Work task: Line by line, output everything from the one that contains "Indian Human Figures, Herbs, Plant, Leaf, Herbal" through the end of the material below, exactly as written and with no pictures.

Provided material:
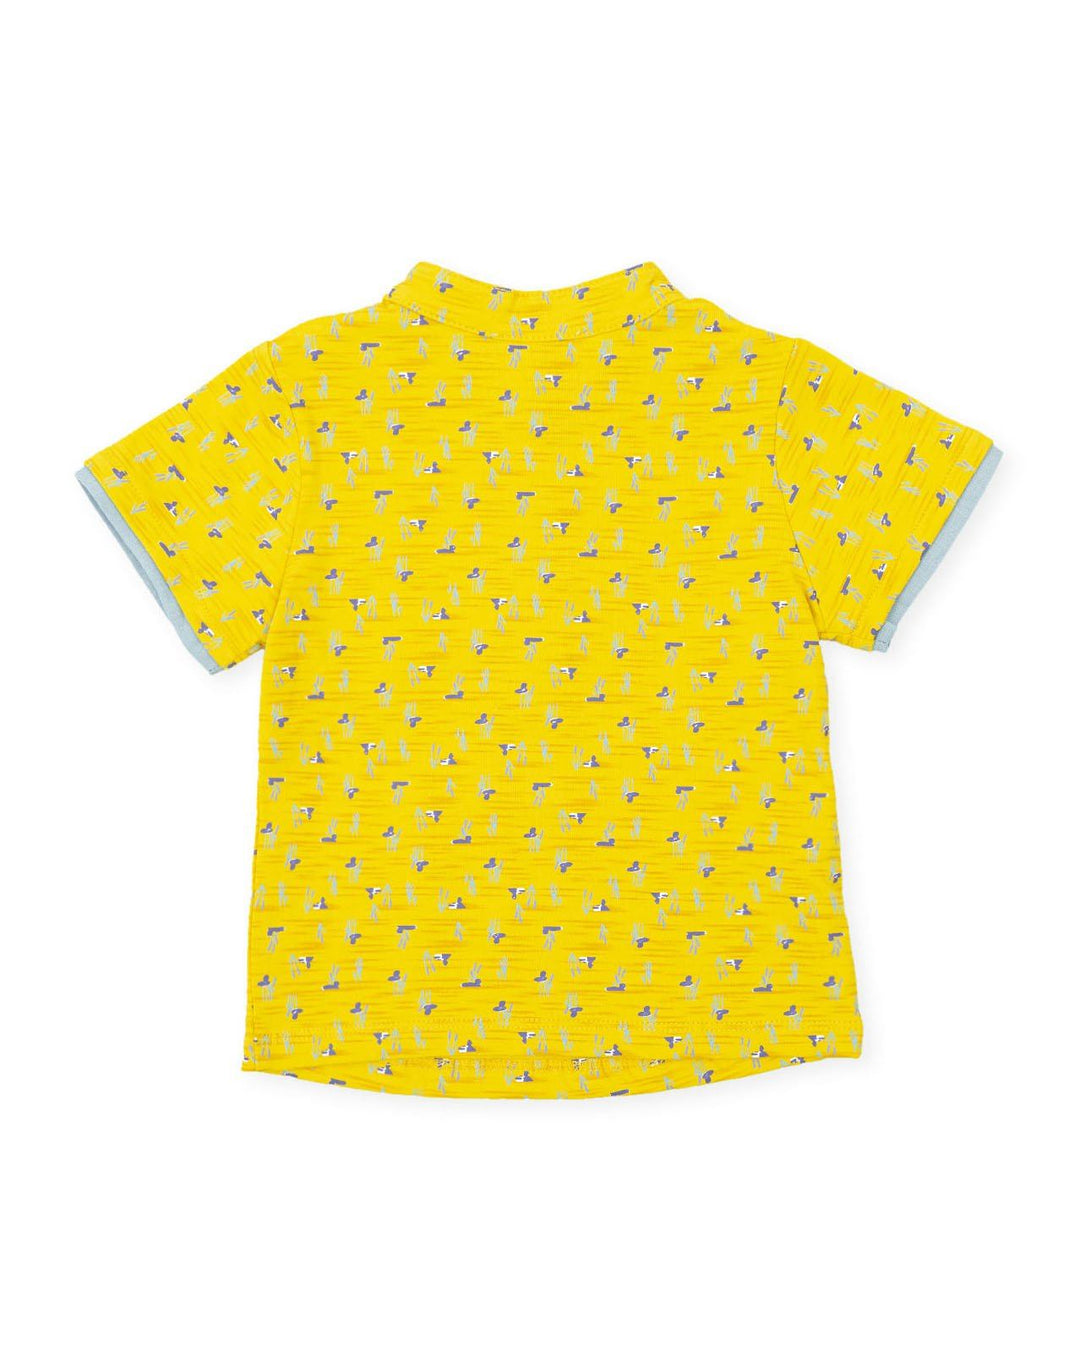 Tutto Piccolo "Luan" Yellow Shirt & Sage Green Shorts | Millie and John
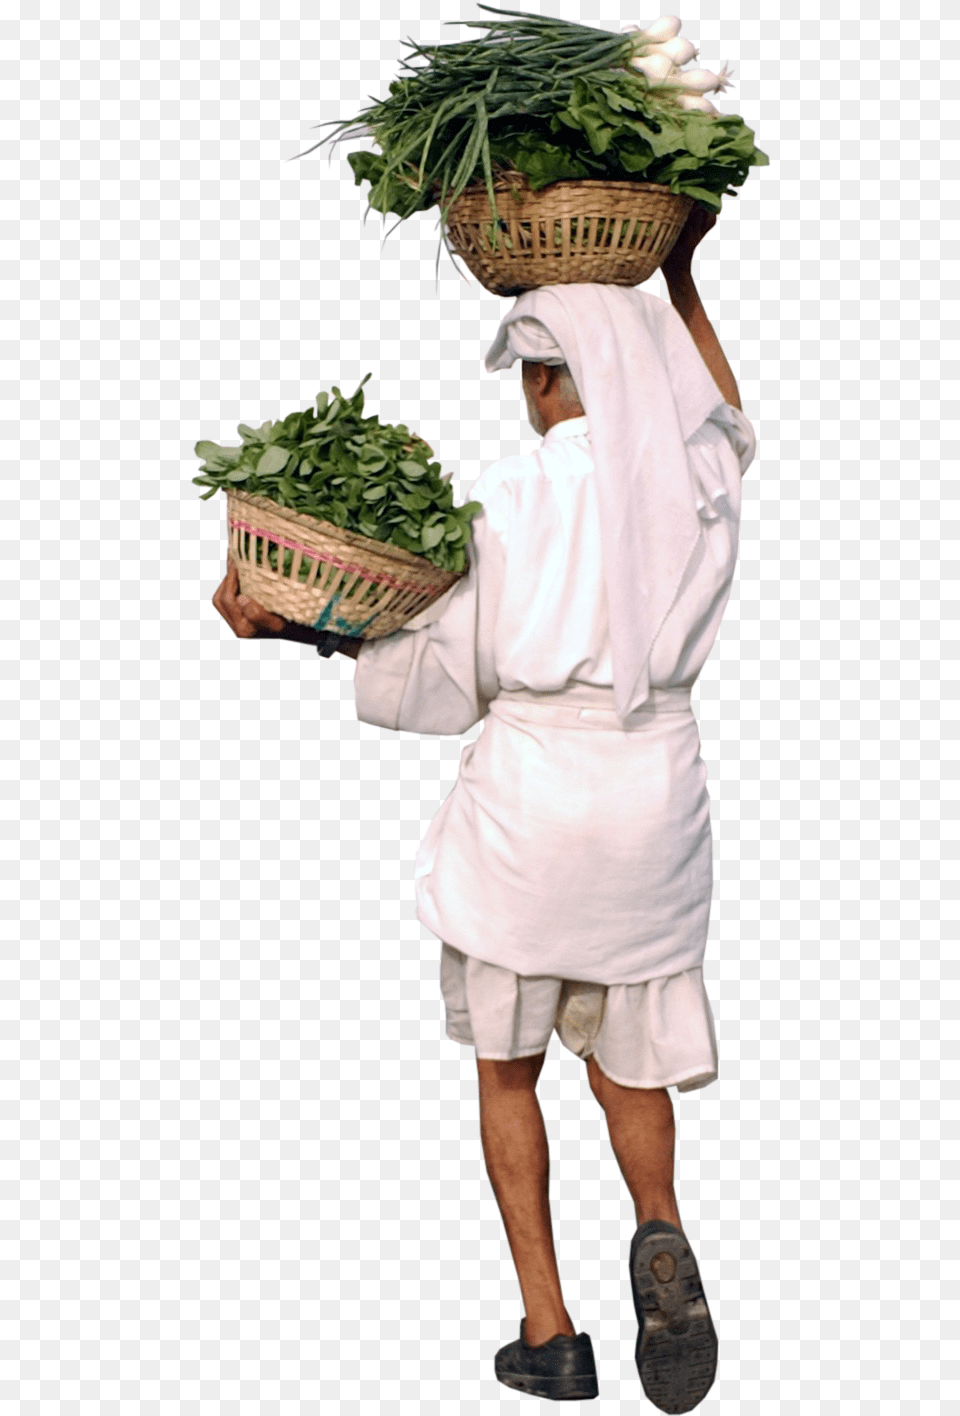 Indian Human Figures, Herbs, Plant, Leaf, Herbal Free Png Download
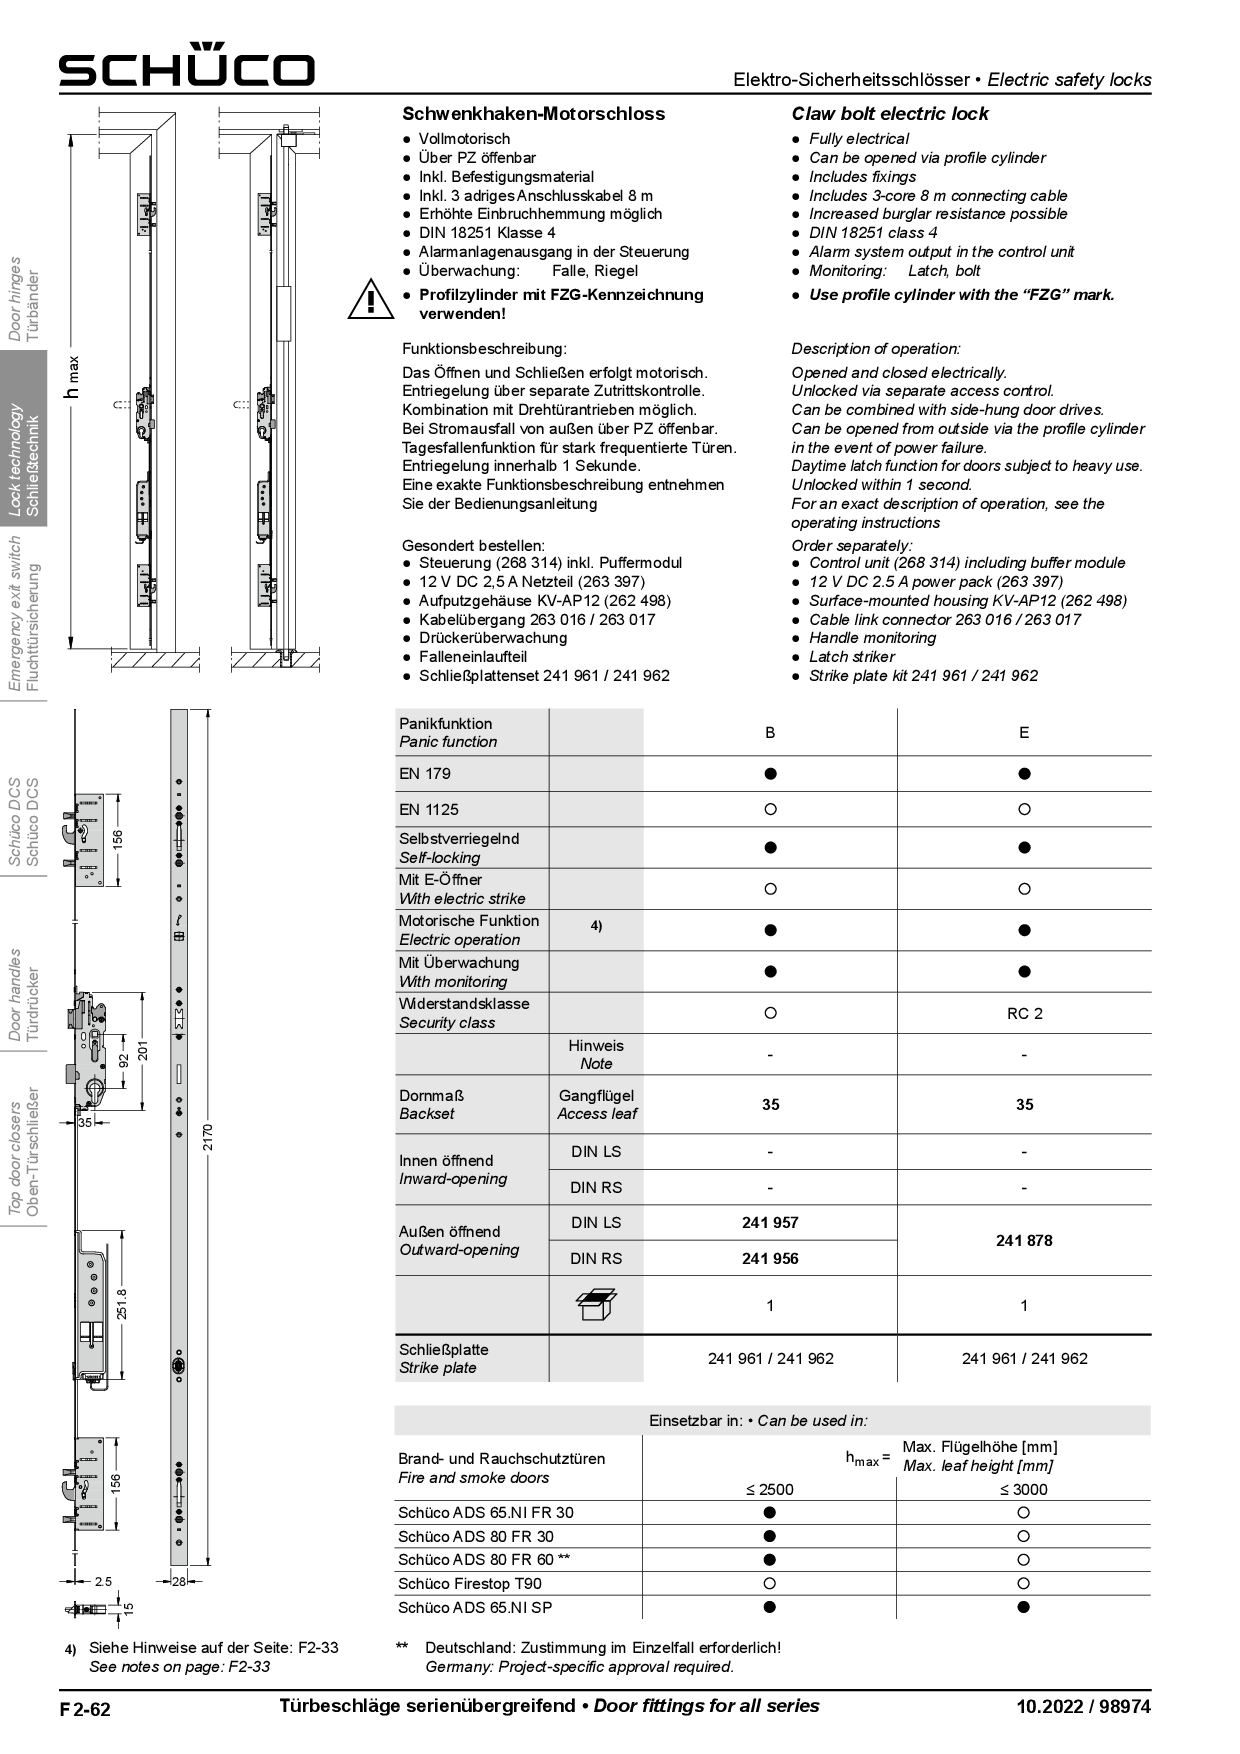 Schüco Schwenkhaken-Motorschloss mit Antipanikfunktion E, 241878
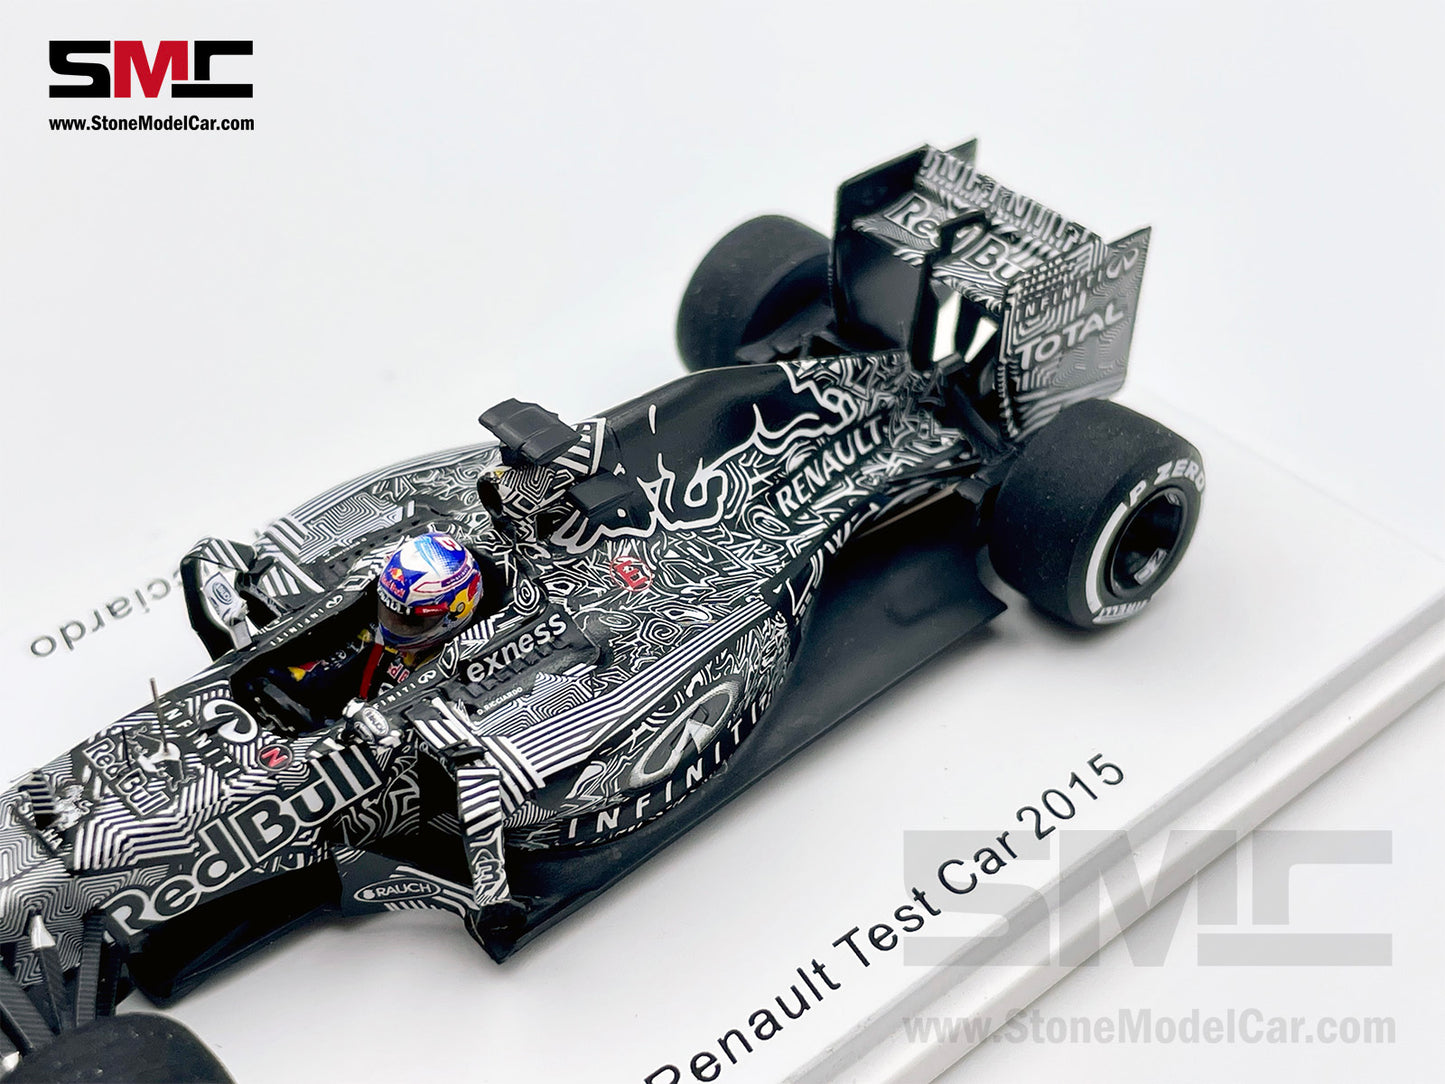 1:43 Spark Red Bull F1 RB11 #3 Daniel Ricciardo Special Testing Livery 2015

Reply:
 Indian Human Figures, Herbs, Plant, Leaf, Herbal Free Png Download
 Schüco Schwenkhaken-Motorschloss mit Antipanikfunktion E, 241878
 1:43 Spark Red Bull F1 RB11 #3 Daniel Ricciardo Special Testing Livery 2015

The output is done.